DETAILED DESCRIPTION

[0041] The following embodiments are described by way of example only in order to provide a more detailed understanding of certain aspects of the invention. It is to be understood that other embodiments are contemplated, and it is not intended that the disclosed invention is limited to the following description.

[0042] Specifically, while the following examples have been directed to particular pump arrangements, it will be appreciated that pump arrangements with alternative or modified components could be envisioned including the core aspects of the invention.

[0043] FIGS. 1-6 illustrate three preferred embodiments of the invention. In each embodiment, the Figures show a pump 10 having a pump casing 11, an impeller 12 disposed within the pump casing 11 and being operatively mounted to a drive shaft 13, a pump inlet/throatbush 14 through which a fluid (e.g. a slurry) may enter the pump 10 to be pumped to a pump outlet 15. The pump apparatus 20 of the invention particularly concerns the throatbush 14 and the impeller 12, and the interaction thereof.
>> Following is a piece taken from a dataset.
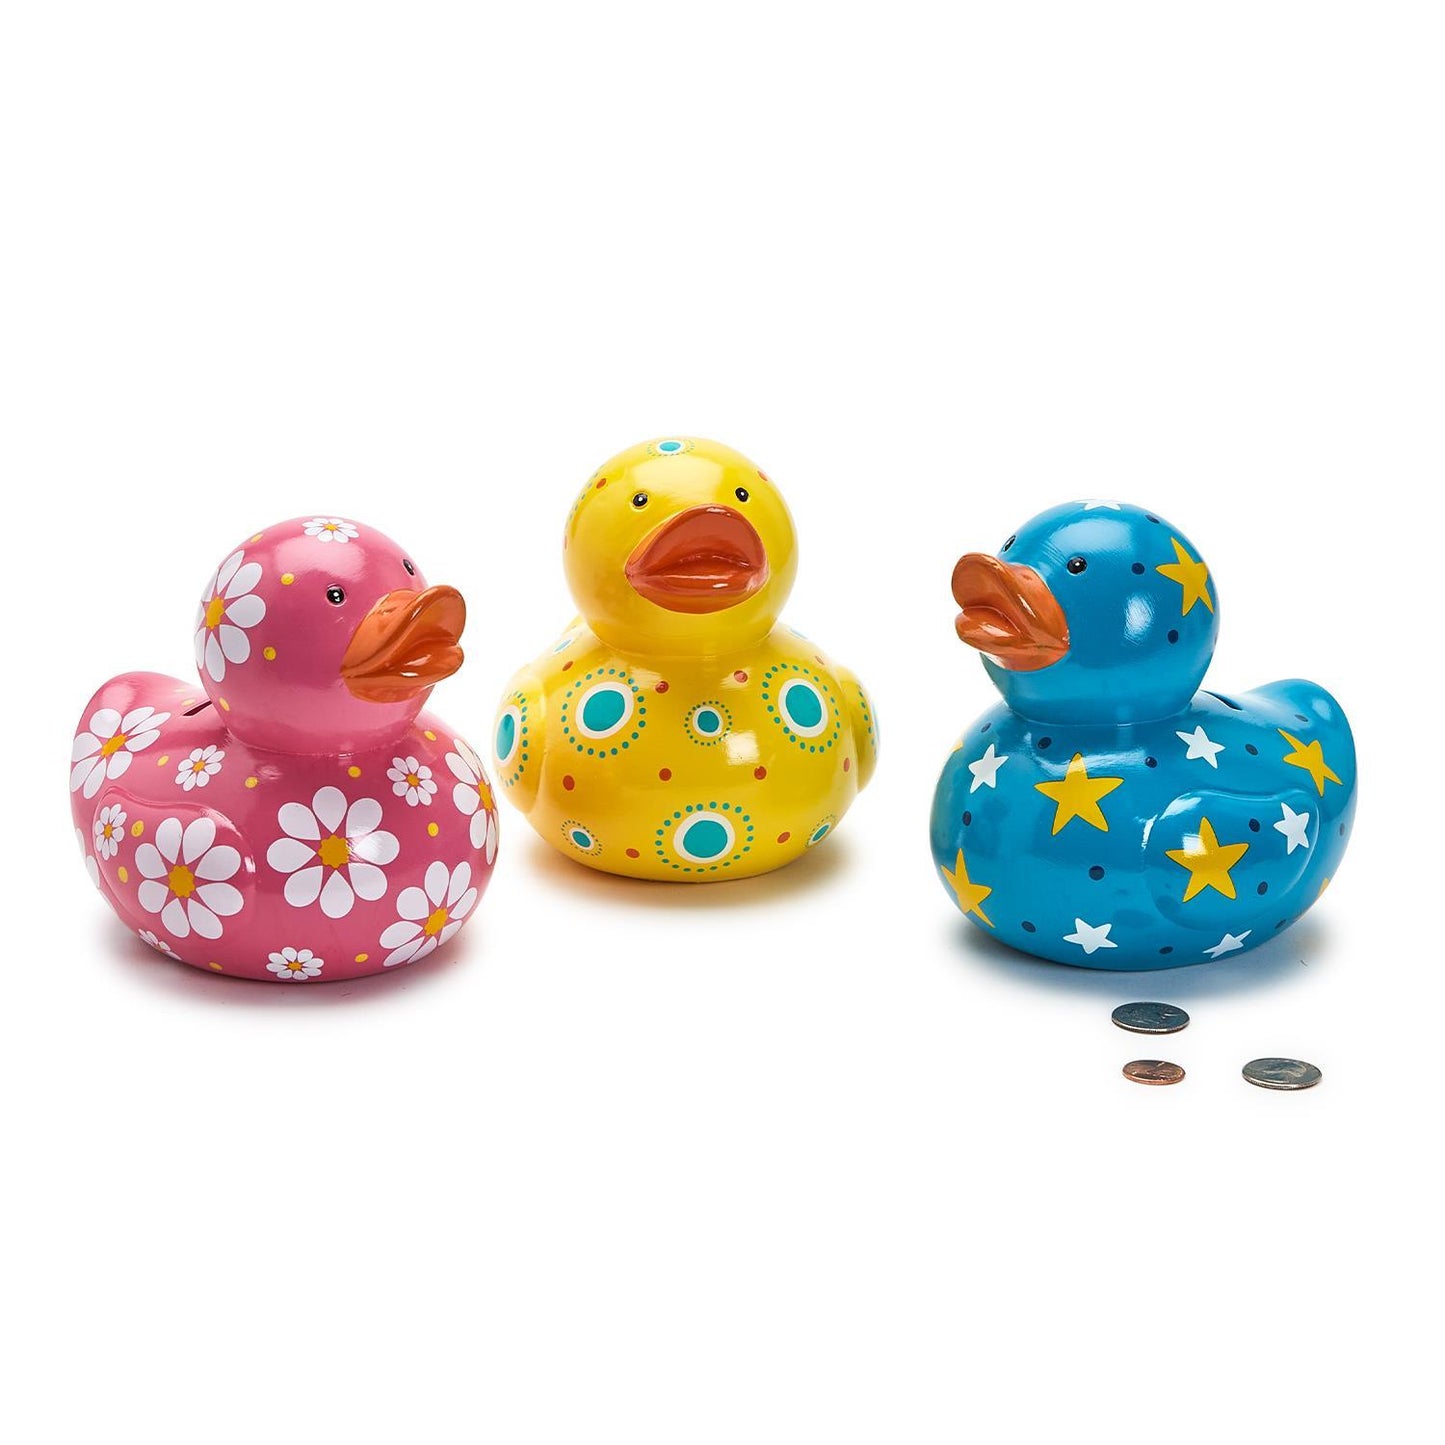 Two's Company Duckie Money Bank in Gift Box Assorted 3 Patters/Colors
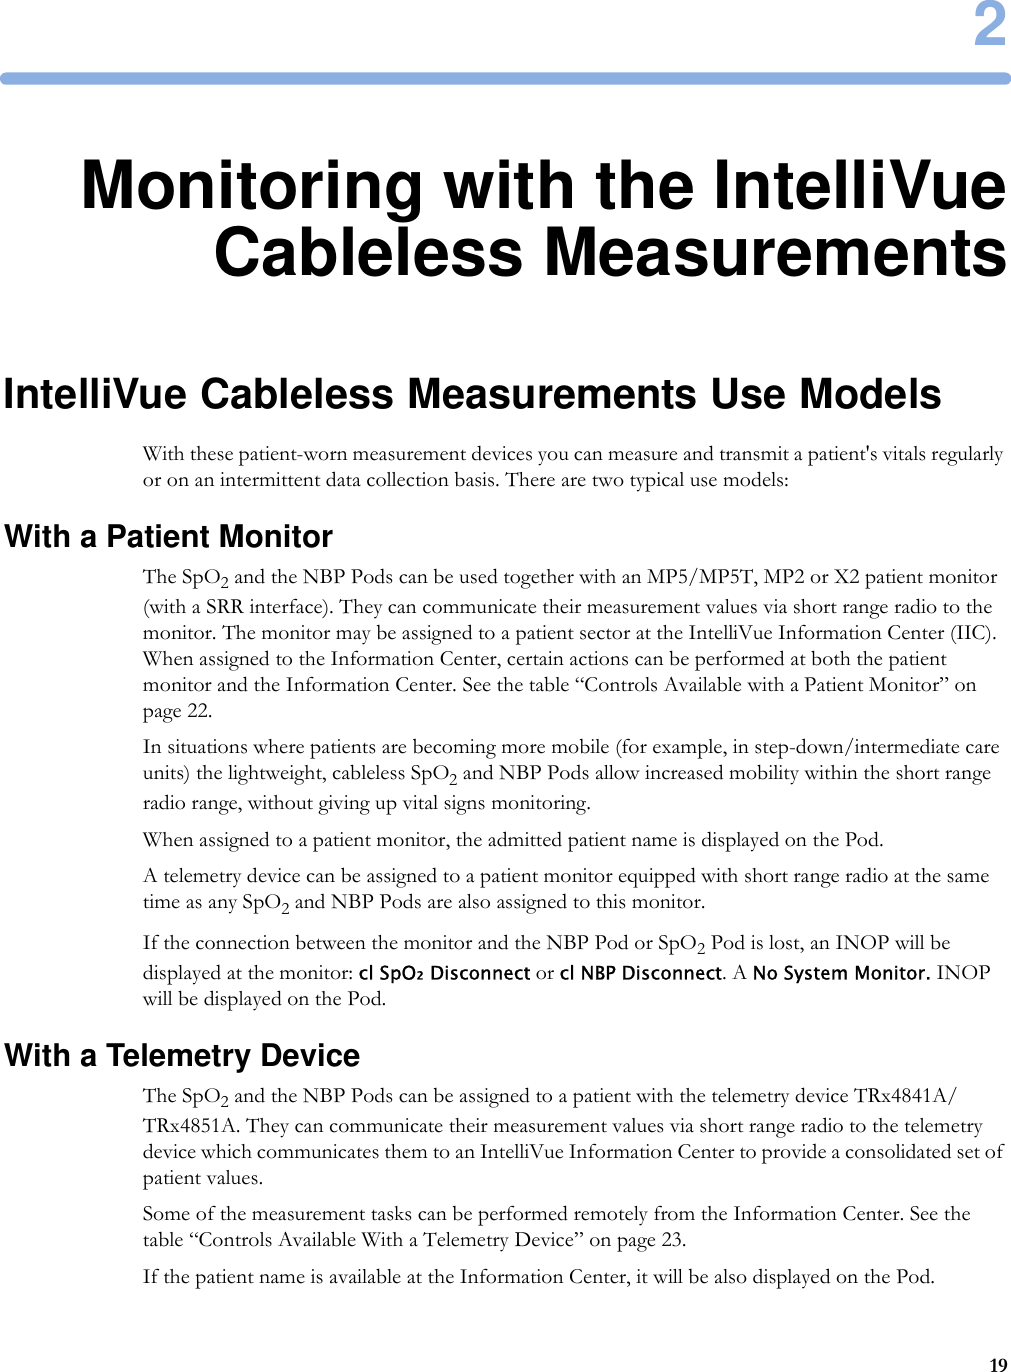 2192Monitoring with the IntelliVueCableless MeasurementsIntelliVue Cableless Measurements Use ModelsWith these patient-worn measurement devices you can measure and transmit a patient&apos;s vitals regularly or on an intermittent data collection basis. There are two typical use models:With a Patient MonitorThe SpO2 and the NBP Pods can be used together with an MP5/MP5T, MP2 or X2 patient monitor (with a SRR interface). They can communicate their measurement values via short range radio to the monitor. The monitor may be assigned to a patient sector at the IntelliVue Information Center (IIC). When assigned to the Information Center, certain actions can be performed at both the patient monitor and the Information Center. See the table “Controls Available with a Patient Monitor” on page 22.In situations where patients are becoming more mobile (for example, in step-down/intermediate care units) the lightweight, cableless SpO2 and NBP Pods allow increased mobility within the short range radio range, without giving up vital signs monitoring.When assigned to a patient monitor, the admitted patient name is displayed on the Pod.A telemetry device can be assigned to a patient monitor equipped with short range radio at the same time as any SpO2 and NBP Pods are also assigned to this monitor.If the connection between the monitor and the NBP Pod or SpO2 Pod is lost, an INOP will be displayed at the monitor: cl SpO₂ Disconnect or cl NBP Disconnect. A No System Monitor. INOP will be displayed on the Pod.With a Telemetry DeviceThe SpO2 and the NBP Pods can be assigned to a patient with the telemetry device TRx4841A/TRx4851A. They can communicate their measurement values via short range radio to the telemetry device which communicates them to an IntelliVue Information Center to provide a consolidated set of patient values.Some of the measurement tasks can be performed remotely from the Information Center. See the table “Controls Available With a Telemetry Device” on page 23.If the patient name is available at the Information Center, it will be also displayed on the Pod.

[0044] The pump apparatus 20 is adapted for reducing the suspended solids in the fluid prior to pumping through the pump 10. The pump apparatus 20 comprises a processing chamber 21 with an inlet 22 for receiving the fluid, an outlet 23 for conveying the fluid to the pump, and an inner side wall 24 extending therebetween. The inner side wall 24 comprises one or more formations, shown as grooves 25, for reducing the size of suspended solids or scale in the fluid by, for example, wedging and crushing the particles between the stationary and rotating parts and/or providing localized areas of turbulent flow.

[0045] The grooves 25 are shown extending from the inlet 22 to the outlet 23 and equidistantly spaced about the circumference of the inner side wall 24; however, in alternative embodiments the formations may be spaced or shaped differently (e.g. having a variable depth and/or width along their length), or curved about a central axis extending from a center of the inlet 22 and a center of the outlet 23. In further alternative embodiments, the formations may include ridges, or a combination of ridges and grooves.

[0046] The processing chamber 21 is dimensioned to be substantially frustoconical in shape, such that the inlet 22 has a diameter D.sub.1 that is larger than a diameter D.sub.2 of the outlet 23. The ratio of D.sub.1:D.sub.2 is preferably in the range of about 1.01:1 to 4:1.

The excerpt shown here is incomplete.